I tend to read late at night; this book had a lot going on not all of which I followed. I loved the idea of pocket worlds existing within our own (with slower/faster time in some of them, leading to some interesting clashes) and economies and resource extraction which ensue as a result. I also enjoyed a different take on the horrors of colonization (book takes place in the Dominican Republic and has a lot of references to the Taino people who were the indigenous people of the region). There was a difficult relationship and a (sort of) dead child in this one which was a more fraught/raw part of the story that was challenging. Overall a really good scifi book on some tough subjects.
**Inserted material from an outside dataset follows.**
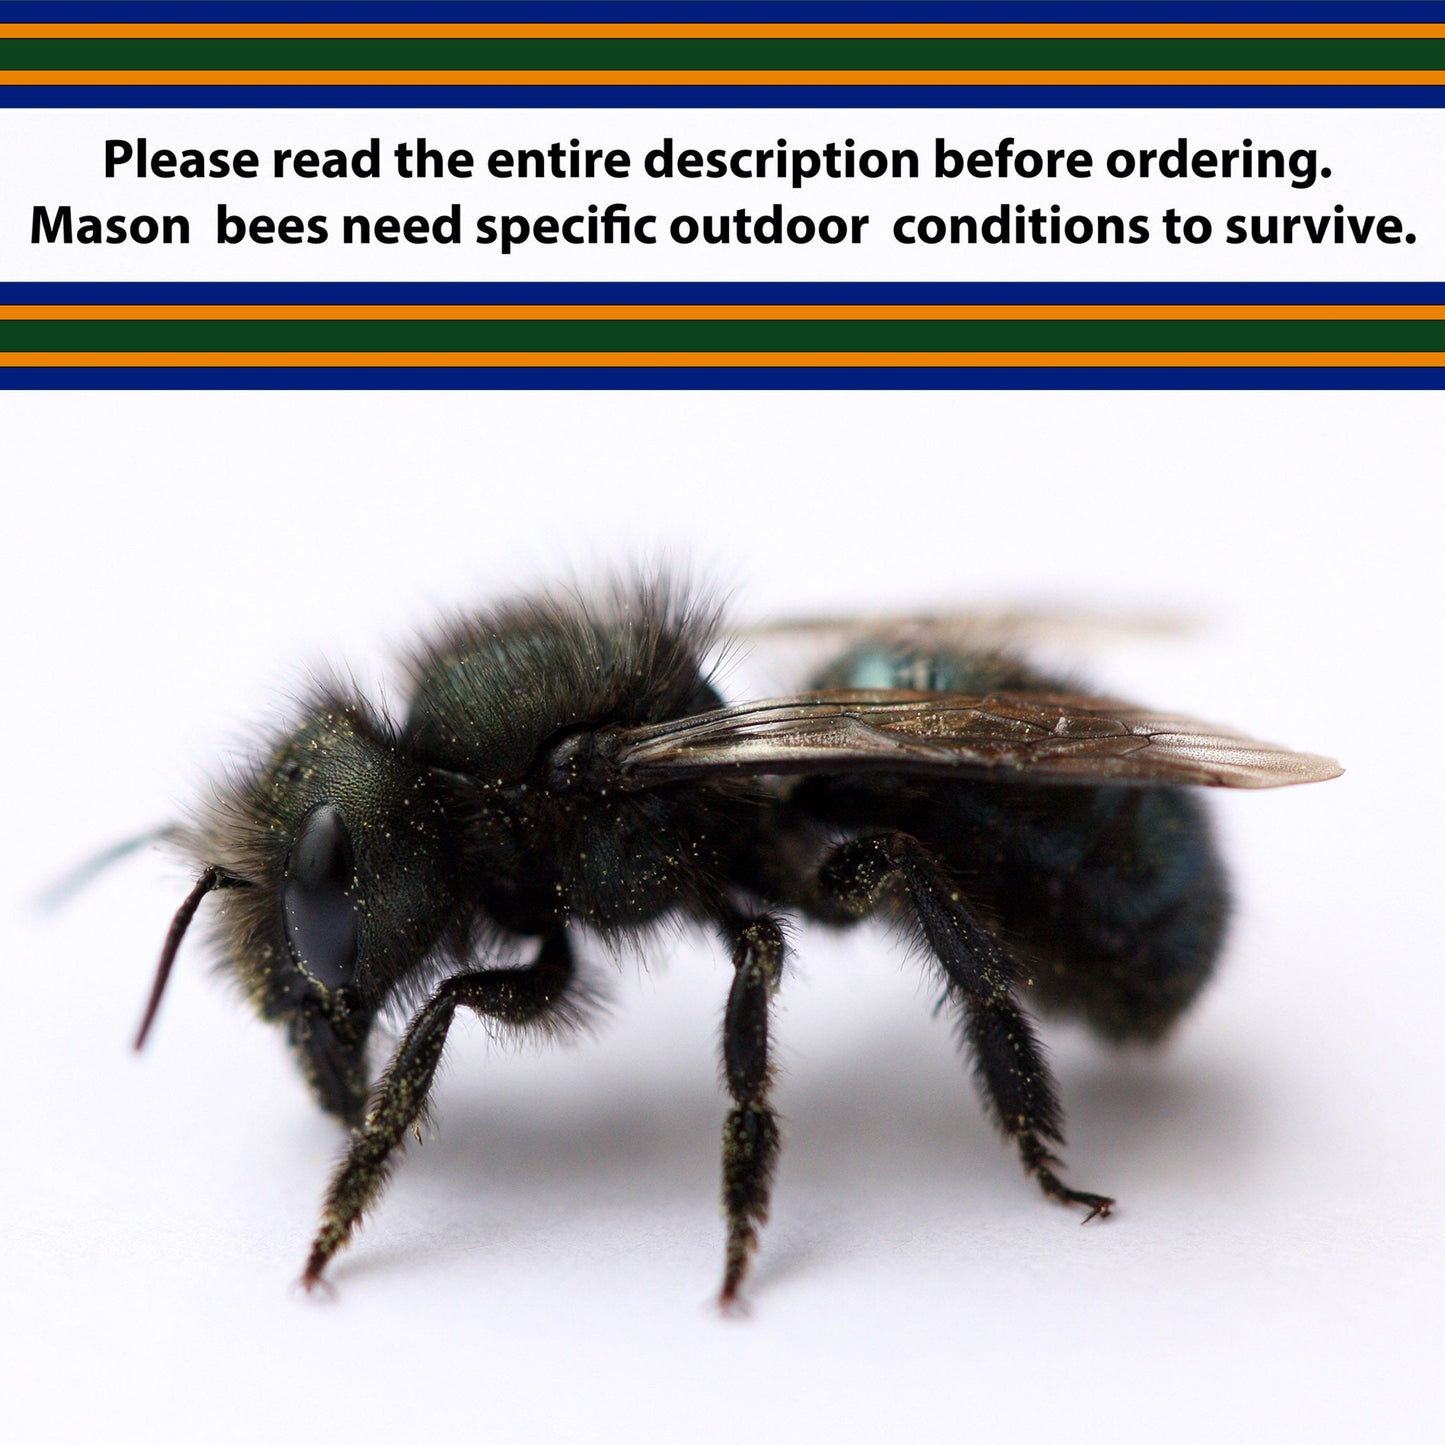 Please Read the entire description before re ordering. Mason bees need specific conditions to survive.

Khanna is the Congressional rep for Silicon Valley (the only majority Asian district in the continental US). This is a policy-heavy book about how we can use technology not just to make wealthy people wealthier but to allow for more security and opportunity for people all over the US, maybe even the world, without the usual facile “Rural people can all work in help desk call centers!” shallow visions which we often see. These policy approaches are not cheap, but they are necessary and Khanna makes a good case for many of them.
I like most of KSRs books and this was no exception. It’s kind of about Mars and kind of about a mysterious “icehenge” that shows up on Pluto. It’s told from the perspective of three different people (sequential, not interspersed) and an “Is this an unreliable narration and if so why?” mystery slowly creeps in as the book goes on. It’s one of KSRs older books, so quirky in what “tech” they have and what they don’t. Like you see very few digital cameras and no cell phones though there are interstellar spaceships. I skimmed a few parts but overall liked it.